Auto optisch aufgemotzt, Grafikpracht aber nur geschönt
Großartig verändert hat sich bei Need For Speed Underground 2 höchstens die Optik eures Fahrzeugs, nachdem ihr es in diversen Tuningshops aufgebockt habt.
Grafisch ist das Spiel gegenüber dem Vorgänger keinesfalls von 0 auf 100 geschnellt, sondern begnügt sich eher mit von 0 auf Schrittgeschwindigkeit.
Das ist, nachdem der sehr erfolgreiche Vorgänger gerade mal knapp ein Jahr alt ist, aber auch keine große Überraschung.Besonders bei der PS2-Fassung sieht man dann auch, dass die Leistungsfähigkeit der Konsole auch irgendwann einmal an ihre Grenzen stößt und bei einer 1:1 Umsetzung eben mit Rucklern und Flimmern zu rechnen ist.
EA hat es sich nicht nehmen lassen, wieder namhafte und bekannte Künstler für die musikalische Untermalung des Titels zu verpflichten. So hört ihr während eurer Trips in Bayview Songs von Paul van Dyk, Xzibit und Snoop Dogg, dessen Coverversion Riders On The Storm exklusiv und nur in NFSU 2 zu finden und zu hören ist. Sämtliche Musikstücke passen gut zum Setting des Spiels und gehen zu keinem Zeitpunkt auf die Nerven.
Kein Weg zu weit, kein Gegner zu stark
Fährt man in anderen Spielen ein Rennen, kann man für eine Runde durchaus mehrere Minuten veranschlagen. In NFSU 2 lässt sich innerhalb von zwei Minuten ein ganzes Rennen der Underground Racing League gewinnen.

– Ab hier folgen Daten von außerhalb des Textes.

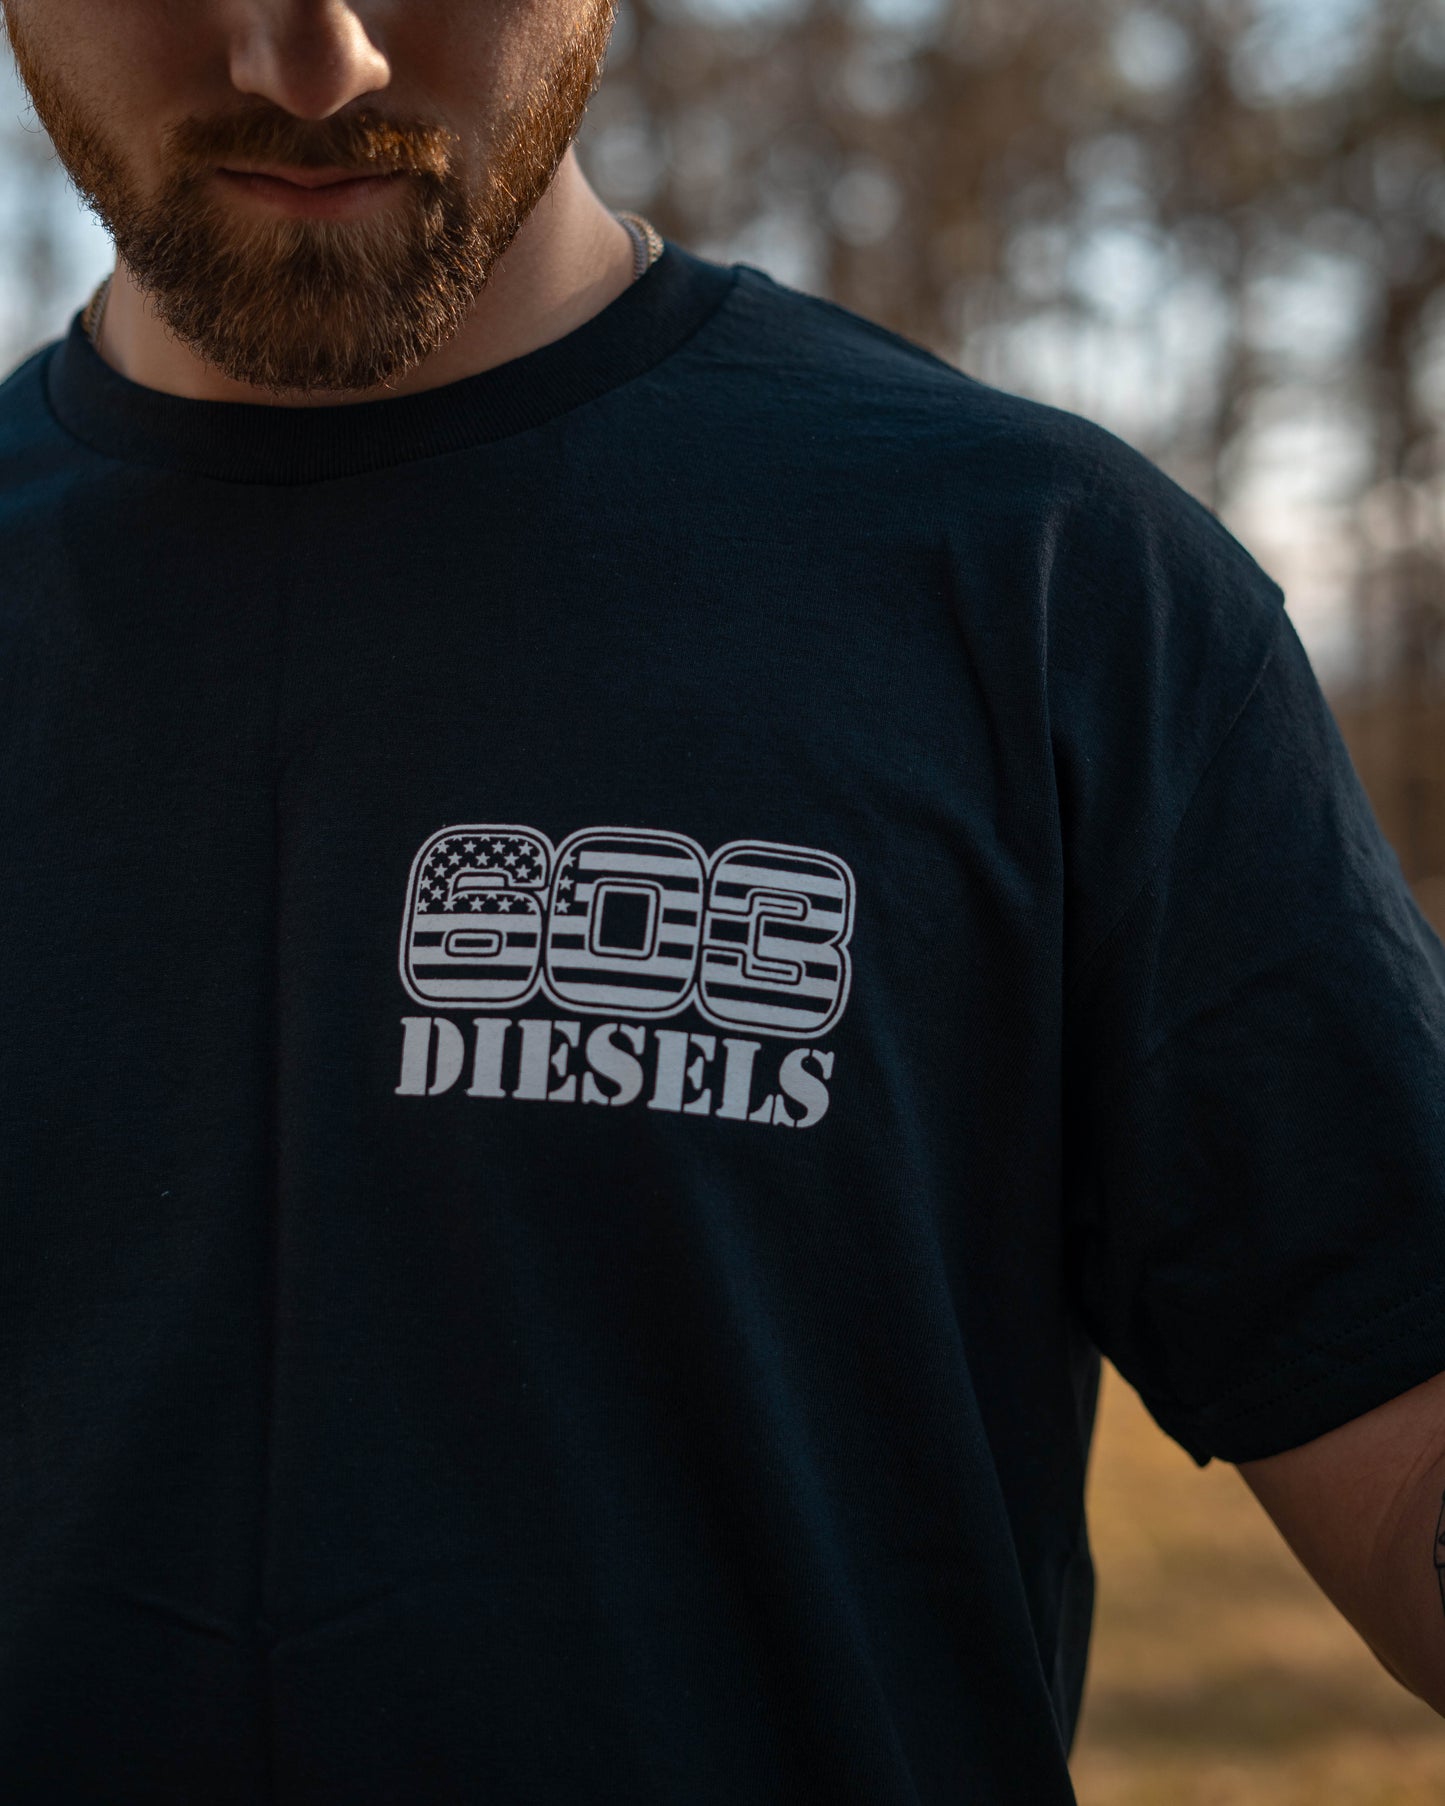 603 Diesels Logo Tshirt

Unpassenderweise finden diese URL-Events, die im Need For Speed Underground-Nachfolger eingeführt wurden, auch nur auf abgesperrten Rundkursen statt.
Hinzu kommt, dass die Intelligenz und Hartnäckigkeit der Gegner nicht unbedingt als außerordentlich beschrieben werden kann. Es ist zwar nicht leicht, aber auch keine große Herausforderung gegen die ungeliebte Computerkonkurrenz anzutreten. So ist es kein Problem, im Schwierigkeitsgrad Mittel ein Rennen zu gewinnen.
Steuern lassen sich sämtliche Fahrzeuge ganz angenehm. Da es sich bei NFSU 2 eher um ein Arcade-Spiel handelt, darf übermäßiger Realismus in der Handhabung aber nicht erwartet werden.
Trotzdem sollten Besitzer des ersten Teils genau abwägen, ob sich die Investition von knapp 50 lohnt. Schließlich fallen die Änderungen in den Bereichen Spielgrafik, Umfang und Spielmodi gegenüber dem Vorgänger recht knapp aus.
Need for Speed: Underground 2 im Test.